(Aim of the exercise): Your copy should begin with the line containing "What is The Best Time to Take a Probiotic?", end with the line containing "My personal life", match the listing below exactly, and contain no pictures.

(Task inputs):
··········
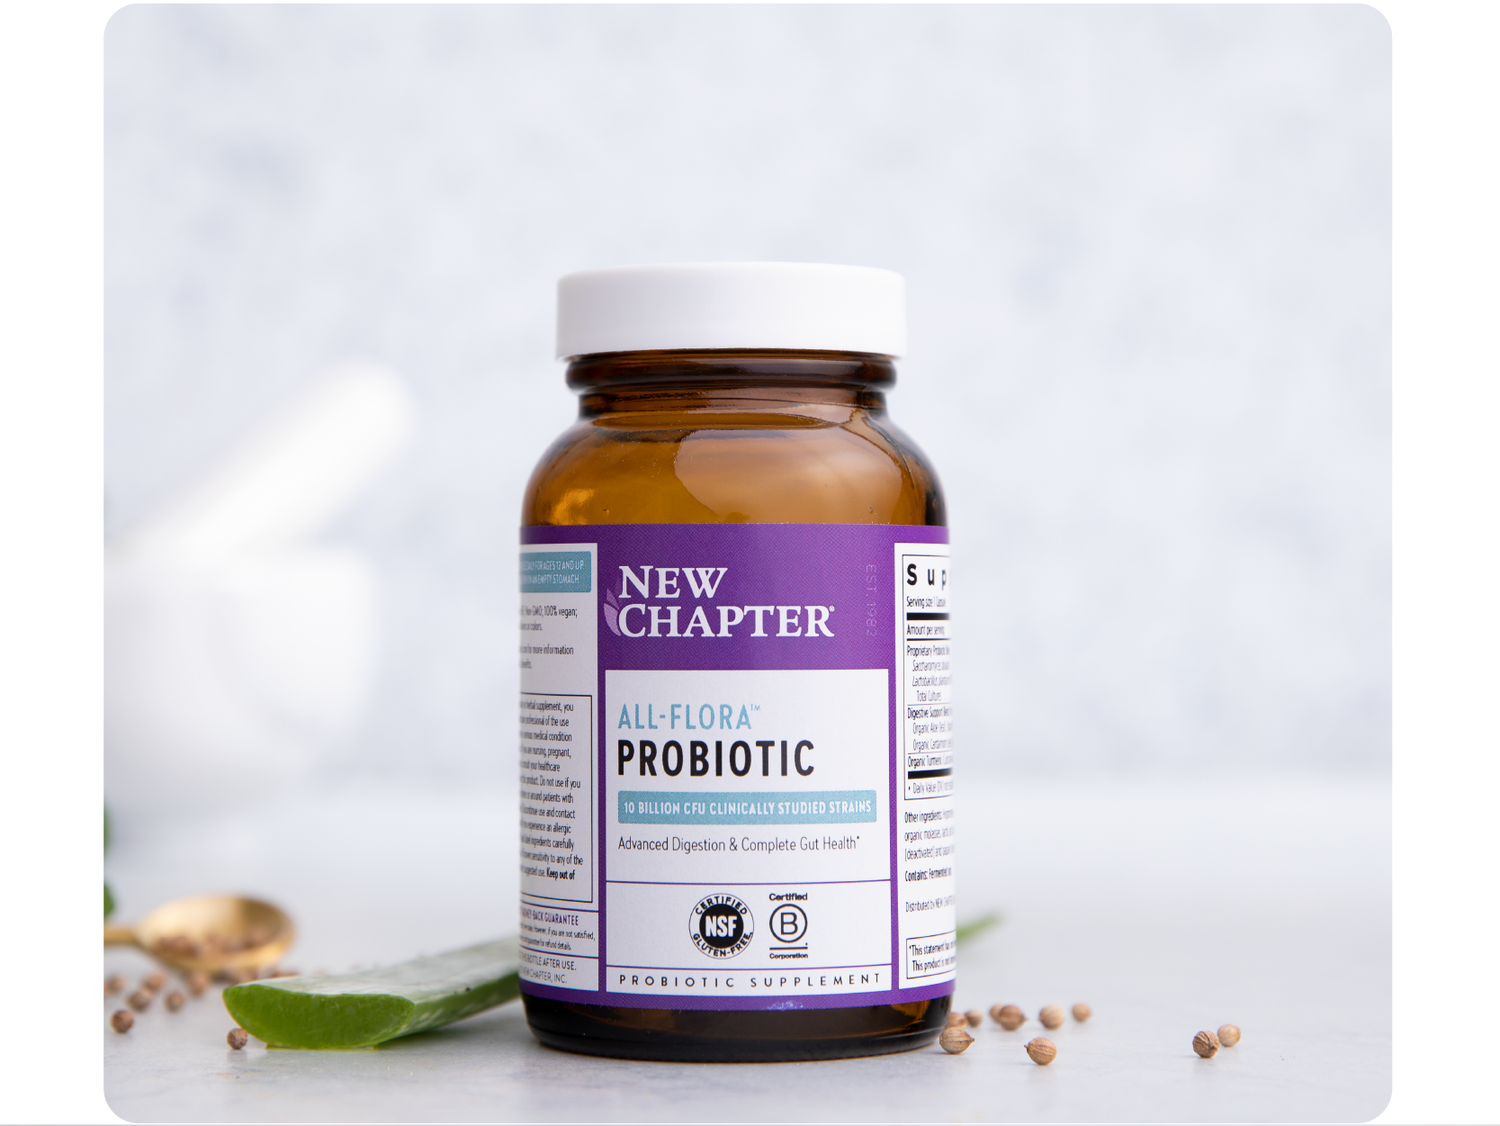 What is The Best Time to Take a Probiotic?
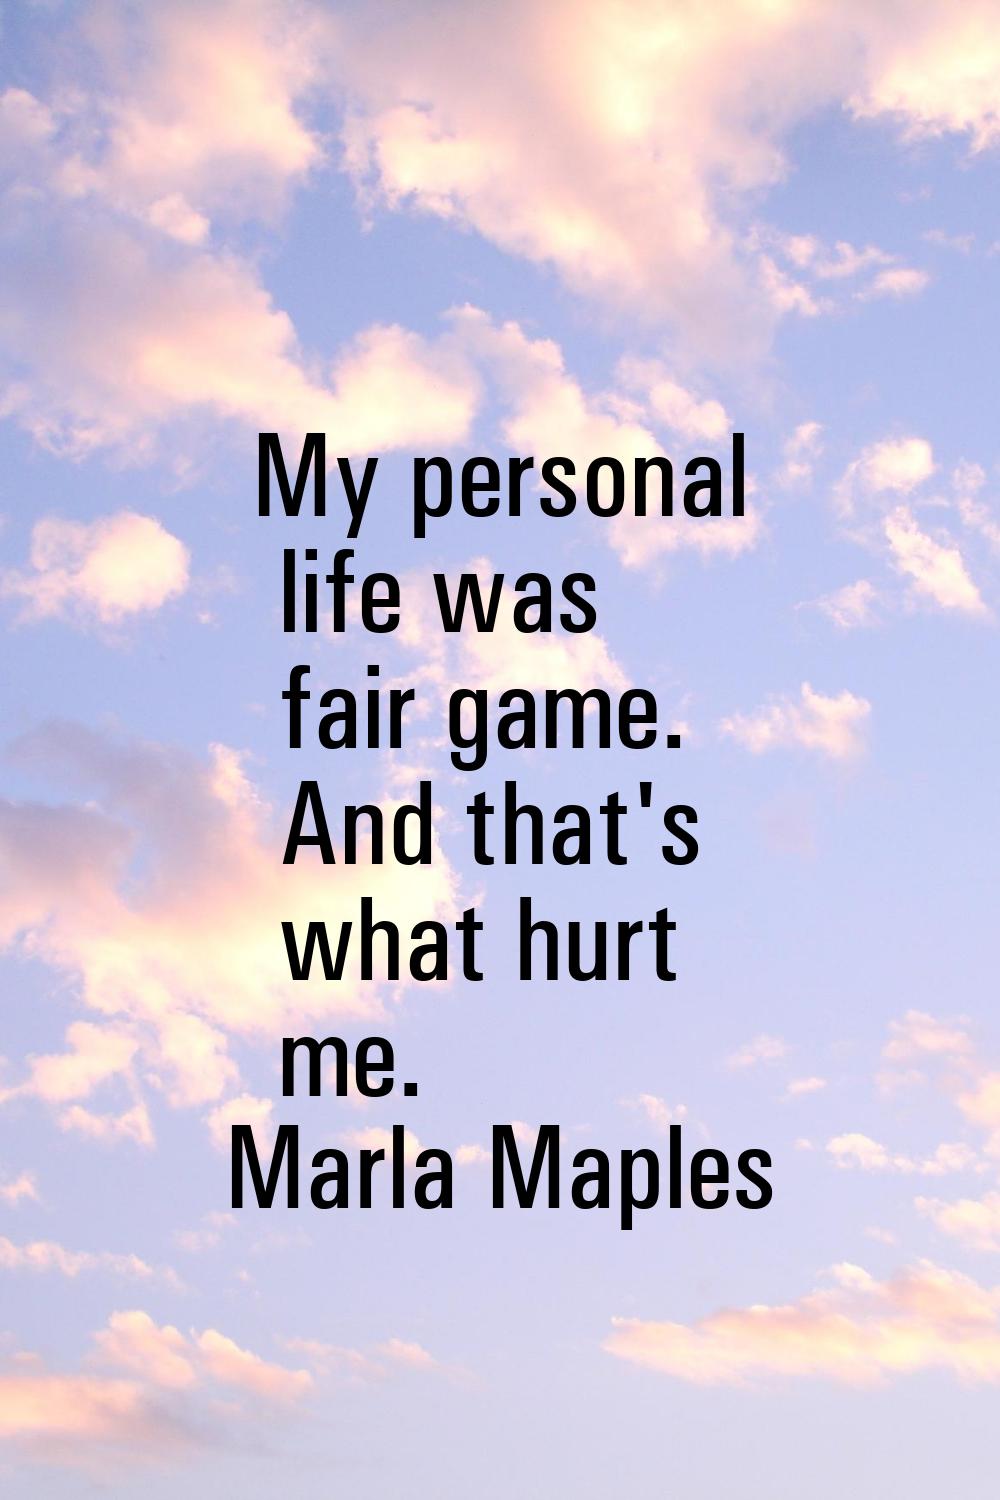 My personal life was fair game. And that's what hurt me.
··········
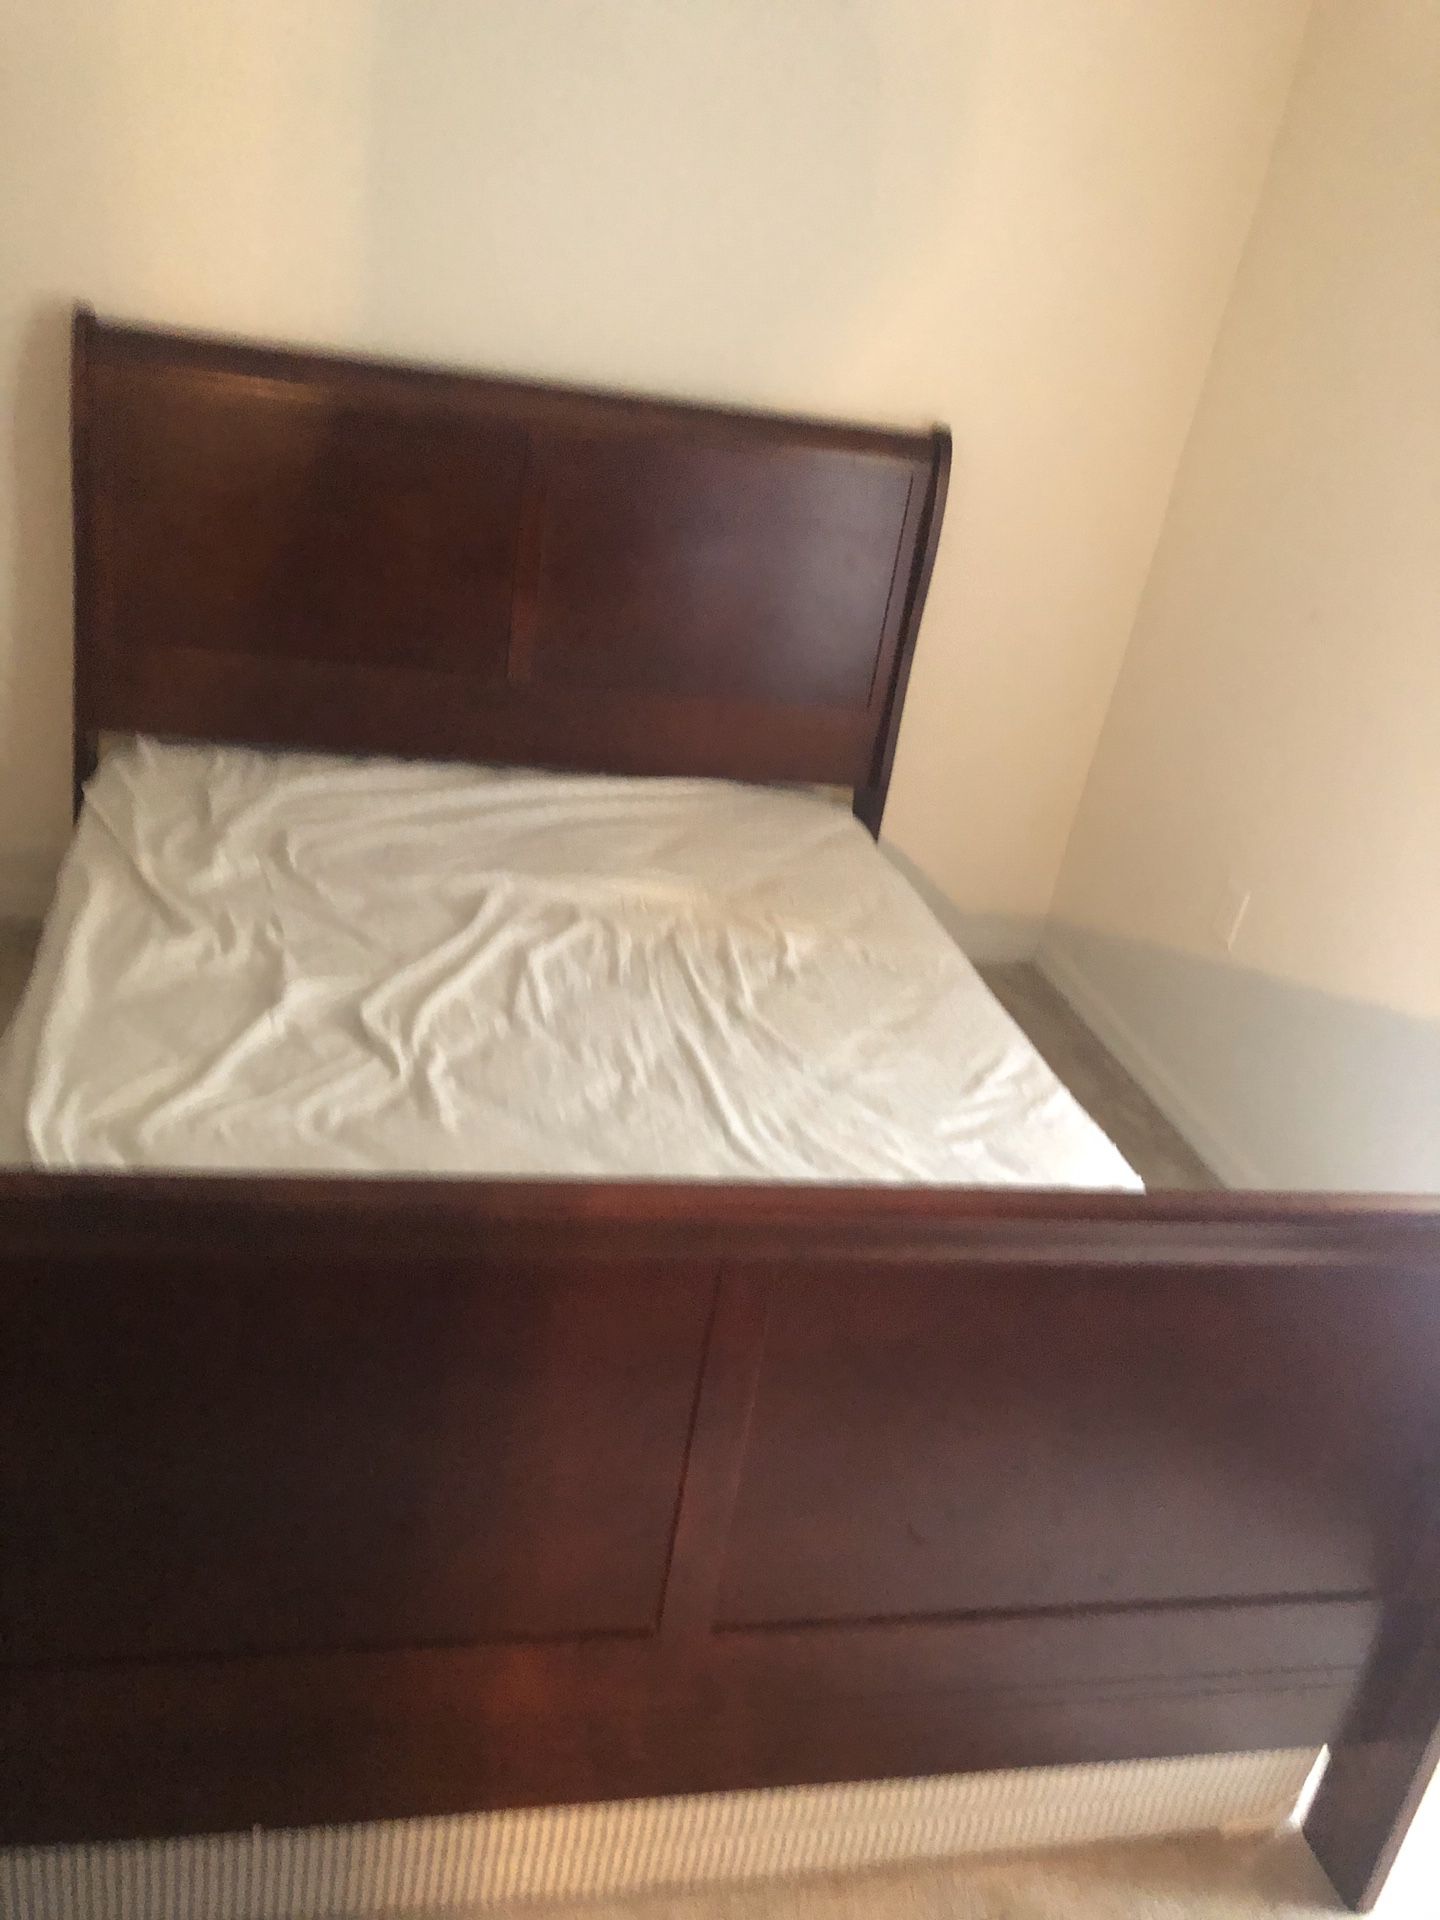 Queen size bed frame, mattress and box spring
··········
(Task response):
 What is The Best Time to Take a Probiotic?
 My personal life was fair game. And that's what hurt me.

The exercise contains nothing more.